How do you survive the mundane, the schlepping required just to get through the day and still tend to your dreams' fire?

Accomplishing something everyday helps (even if that thing is a tasty meal). Keeping your eye on the prize does too. Gary believes in planning your work and working your plan. And never discount the importance of maintaining your humor in even the most dreadful of times.

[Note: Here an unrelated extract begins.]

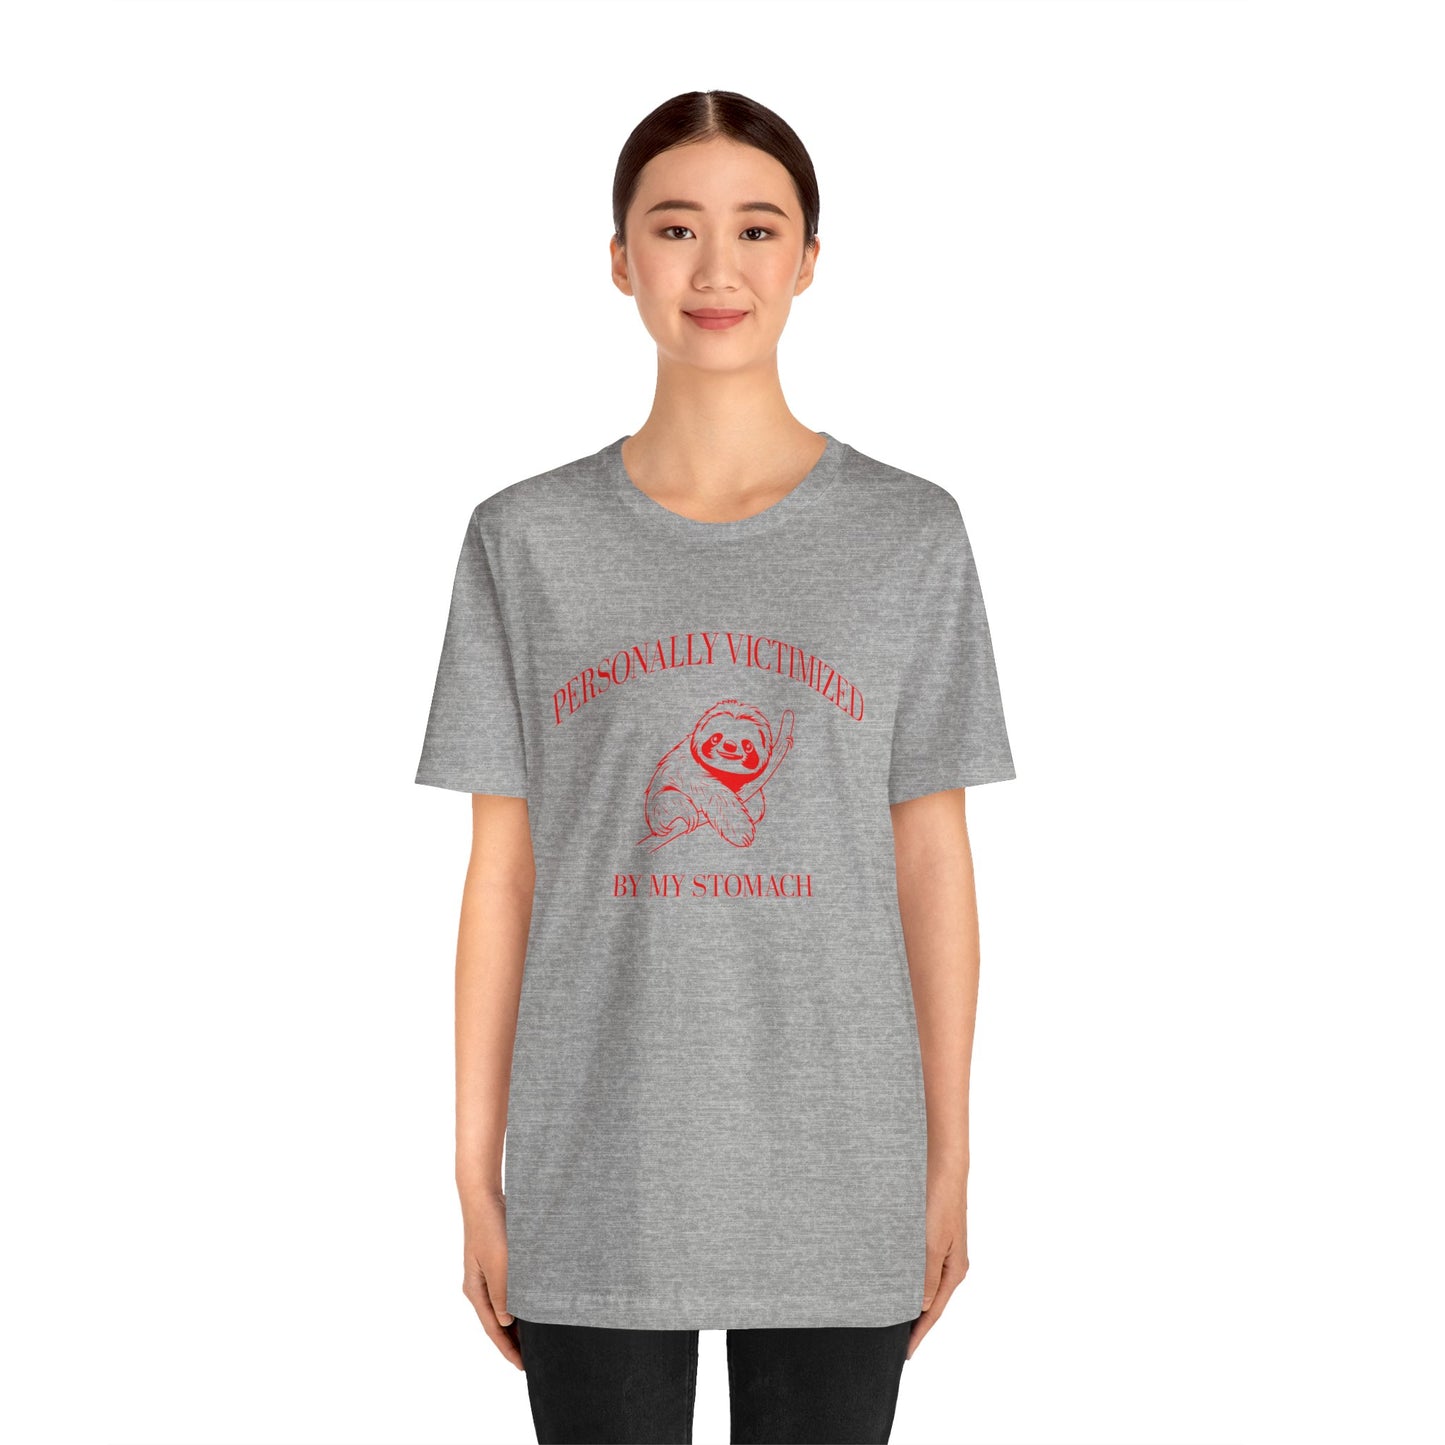 Personally Victimized By My Stomach Shirt, Funny Shirt for Women, Gift for Mom, Funny Tummy Hurts Shirt, Chronic Illness Shirt, T1579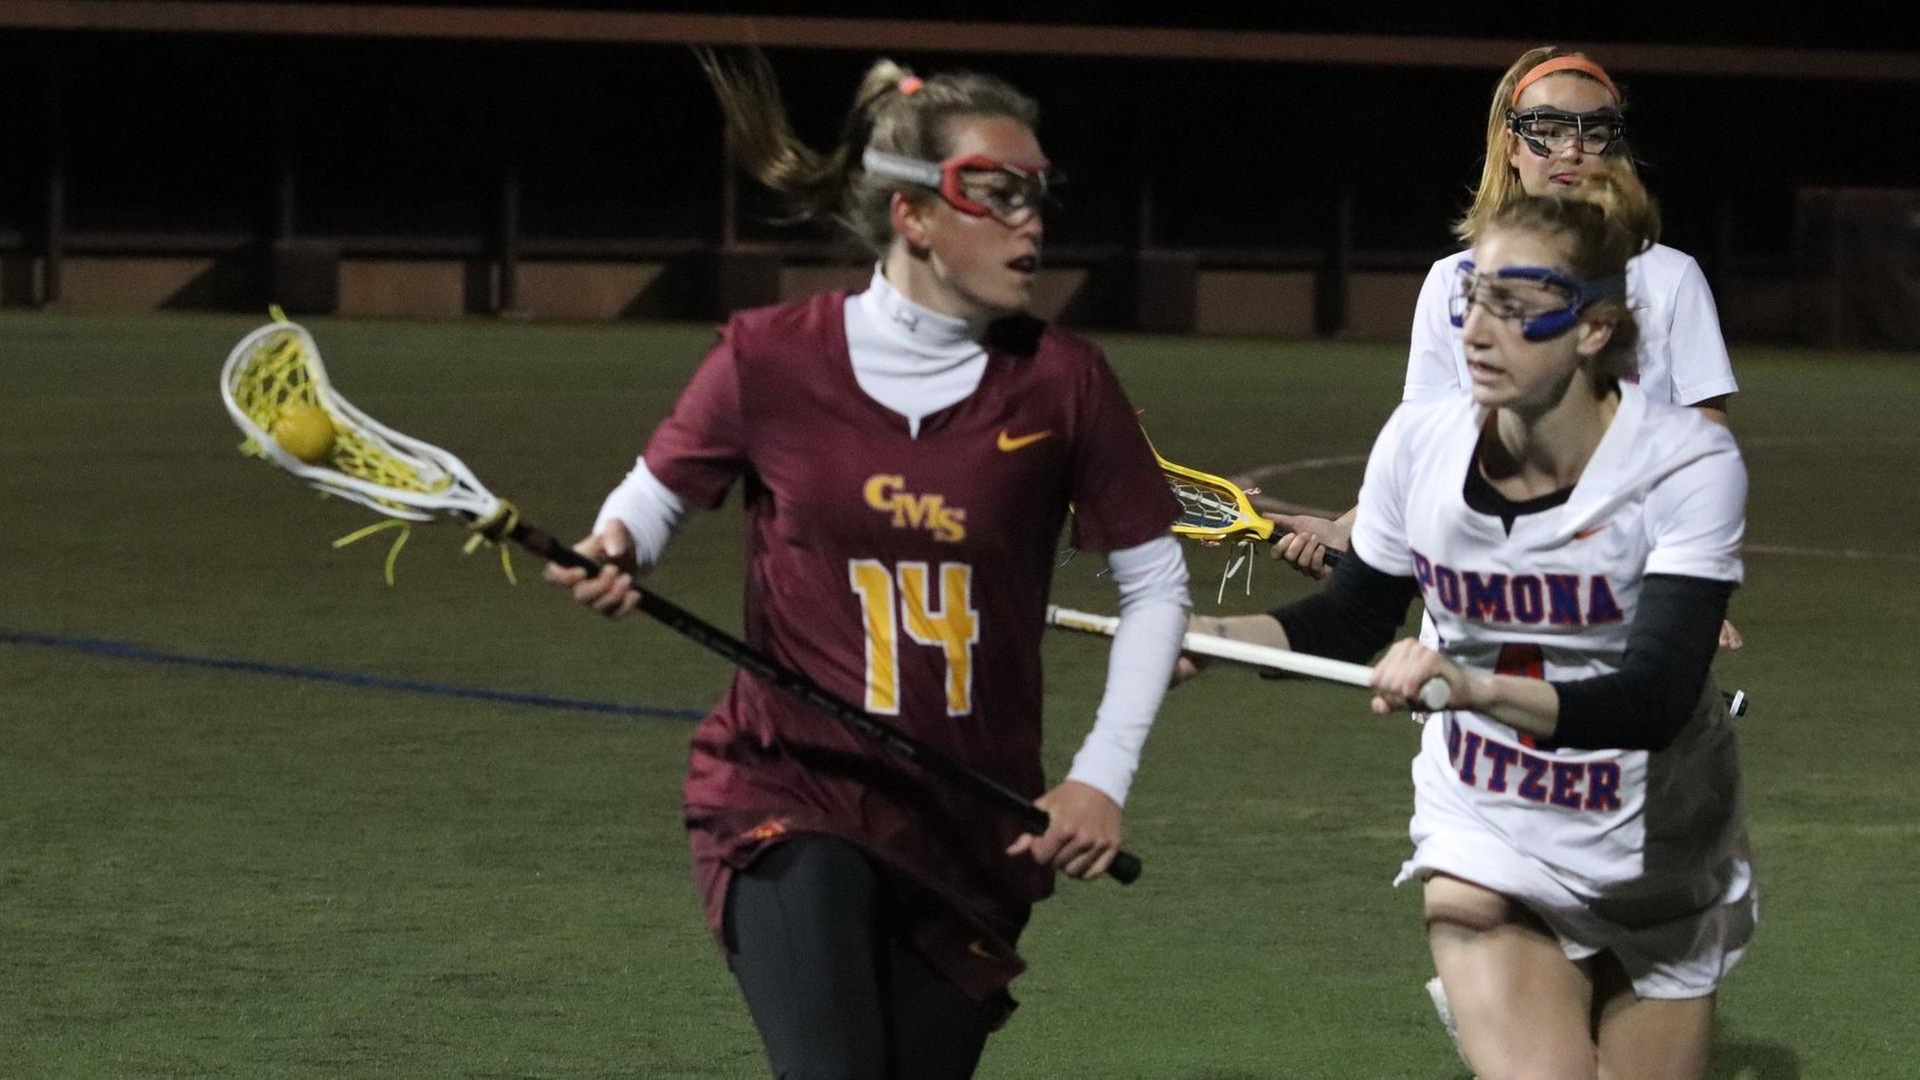 Olivia Carey had eight points on two goals and six assists

The apartment is closing in on me. The house is taking too long to complete. The money is running out. We’re scared and worried. But we haven’t let any of this change our minds about building this house ourselves. I haven’t put down the camera or given up on the dream of making the “Building My Own House” documentary. I've gotten rejections to my idea for a (online) series about building this house ourselves. But, I still send out proposals. I unabashedly market my business to people who don’t know me and to those who no longer remember me. And I’m cooking in this tiny apartment the same dishes I will when that spacious, modern kitchen of mine has finally been built.

As Norma Desmond said in Sunset Boulevard: “I am big. It’s the pictures that got small.”